I answered "Warum ist die Katze orange isst?". In a real life situation (unlikely I know...), would this make sense to a German person?


https://www.duolingo.com/profile/Carol242609

I think they would get what you mean, but they don't have a present continuous in German. So you gotta say "eats" (present simple/präsens) instead of "is eating". In Dutch both would work but German is different.


https://www.duolingo.com/profile/Seattle_USA

so what is the cat eating oranges? Much better than the found dead bodies and eating ants in sugar - both of which subjects have had many questions in duo. I haven't seen any in a year but then I'm just now going back on my Italian tree. If I remember, German did get weird at one point. I can handle cats eating oranges though. Wonder what they changed it from...

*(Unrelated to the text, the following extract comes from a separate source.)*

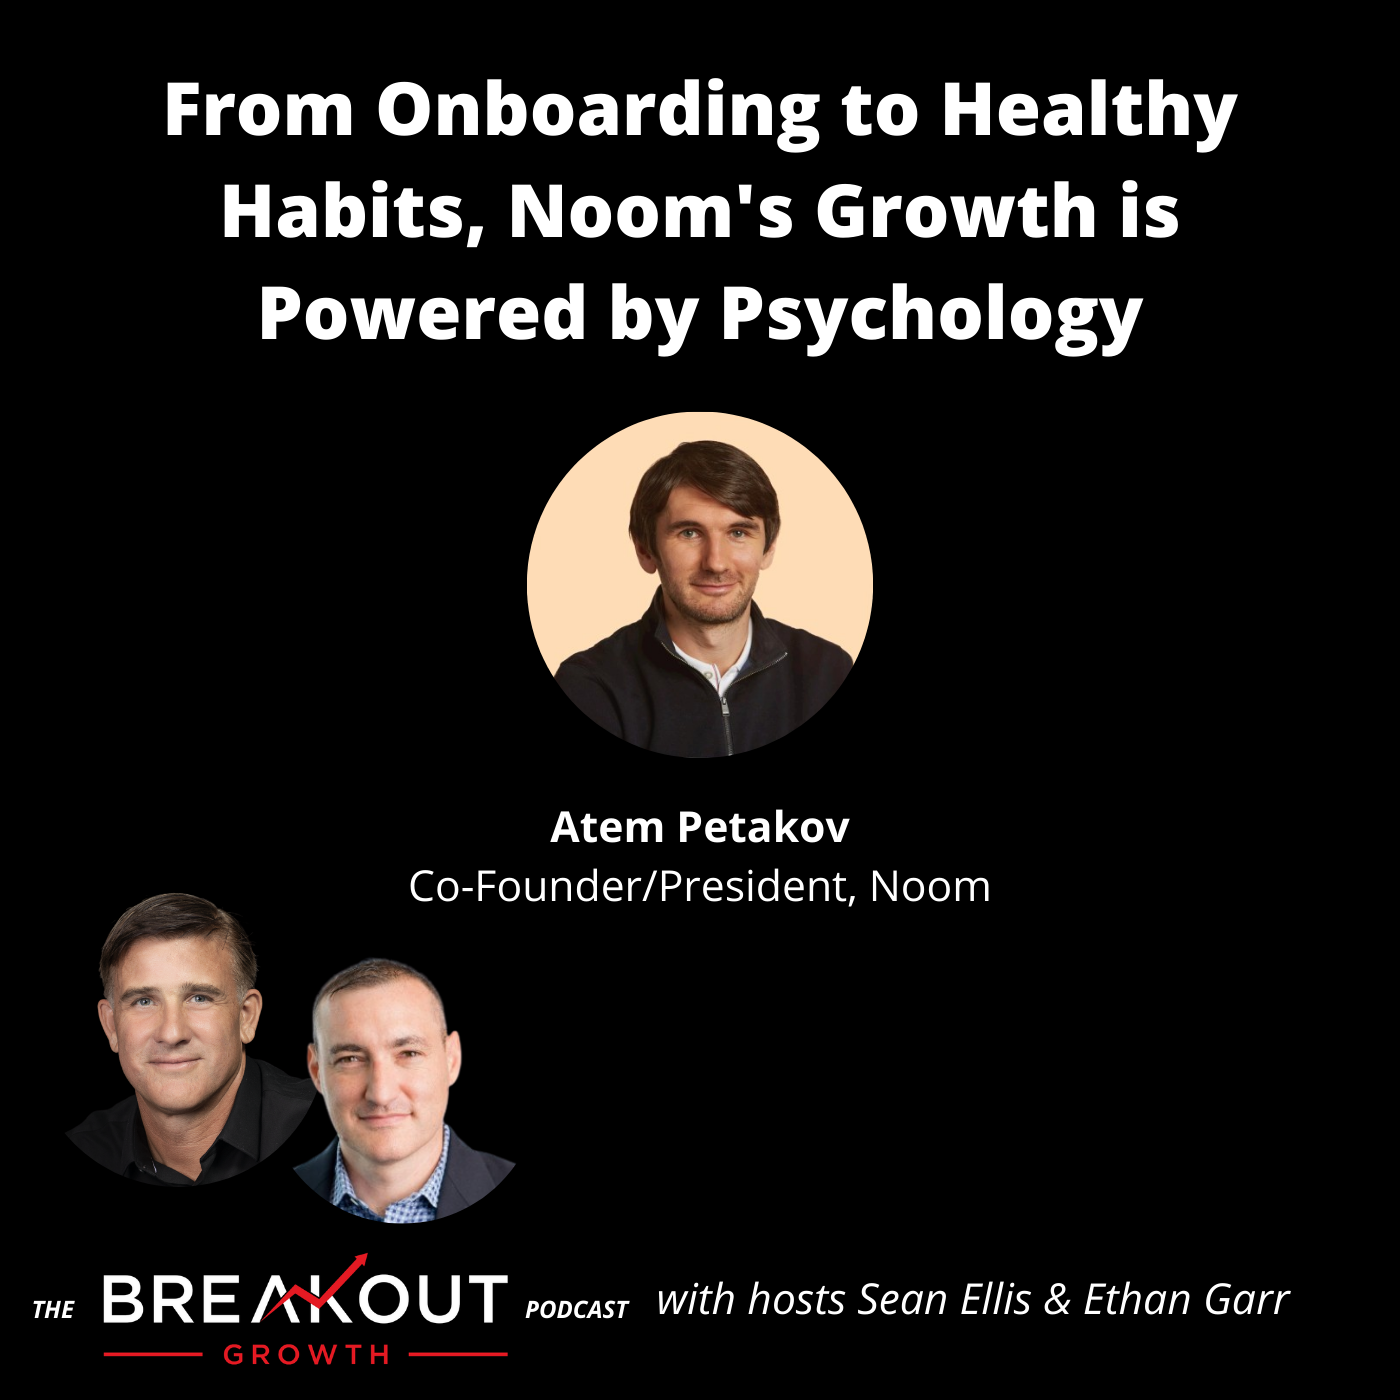 From Onboarding to Healthy Habits, Noom's Growth is Powered by Psychology
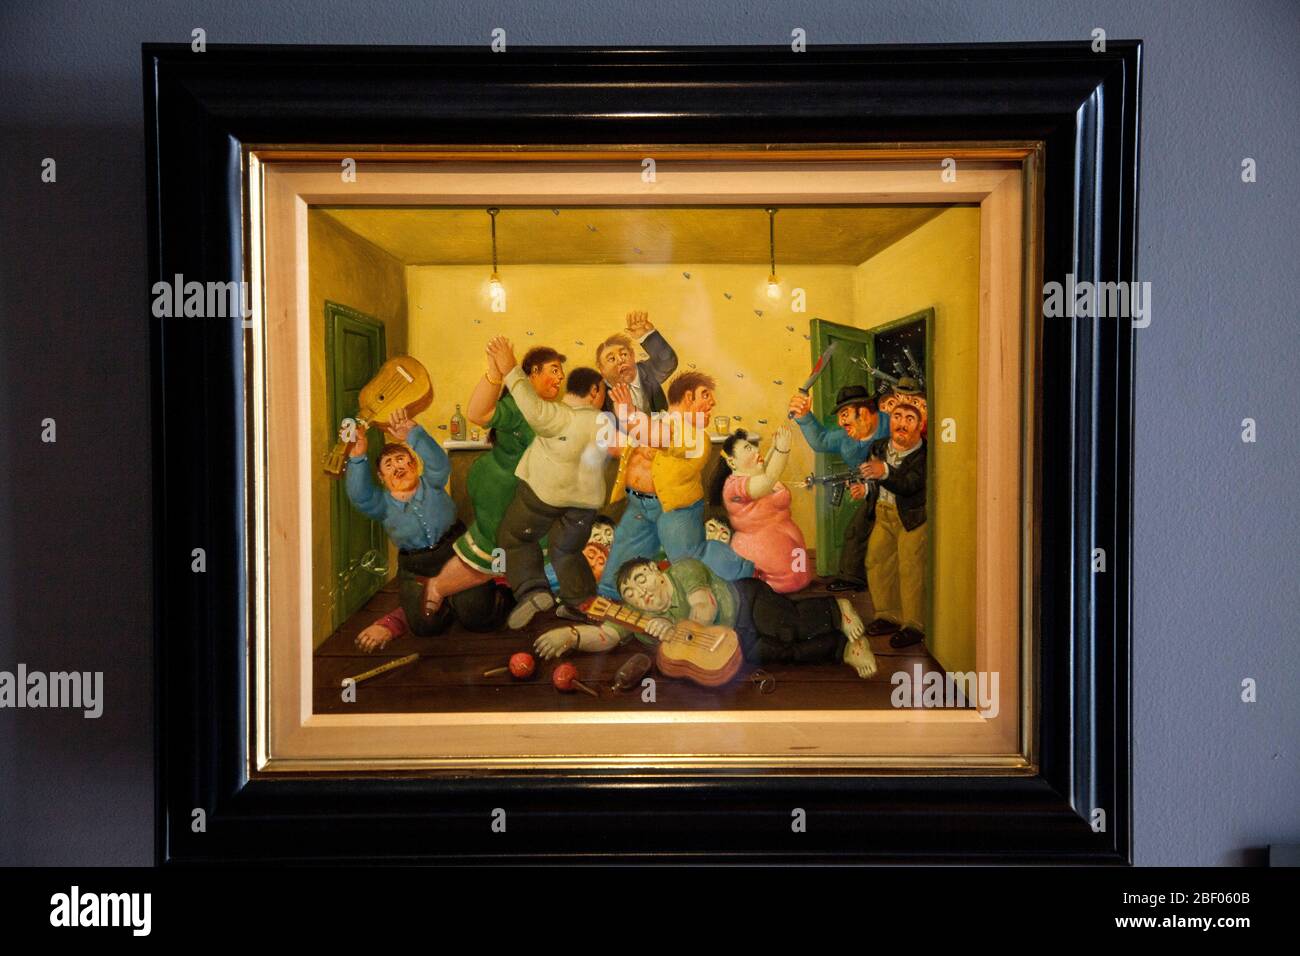 Massacre On The Best Corner 1997 painting by Botero at the Botero Museum also known as Museo Botero, Bogotá, Colombia, South America. Stock Photo

https://www.duolingo.com/profile/Kelikaku

Apparently oranges are toxic to cats - for what it's worth. I guess if chocolate can either kill or sicken dogs, then oranges can make cats sick as well! בס״ד


https://www.duolingo.com/profile/Kelikaku

"Warum frisst die Katze Apfelsinen" was not accepted.

"Warum frisst die Katze Orangen" was accepted. בס״ד


https://www.duolingo.com/profile/Jd_jd_jd

Peter lustig ich komme


https://www.duolingo.com/profile/Lex720814

I've heard cats hate the smell of oranges, so this would be a very odd thing indeed. Perhaps the cat is rabid? In any case, I would stay away.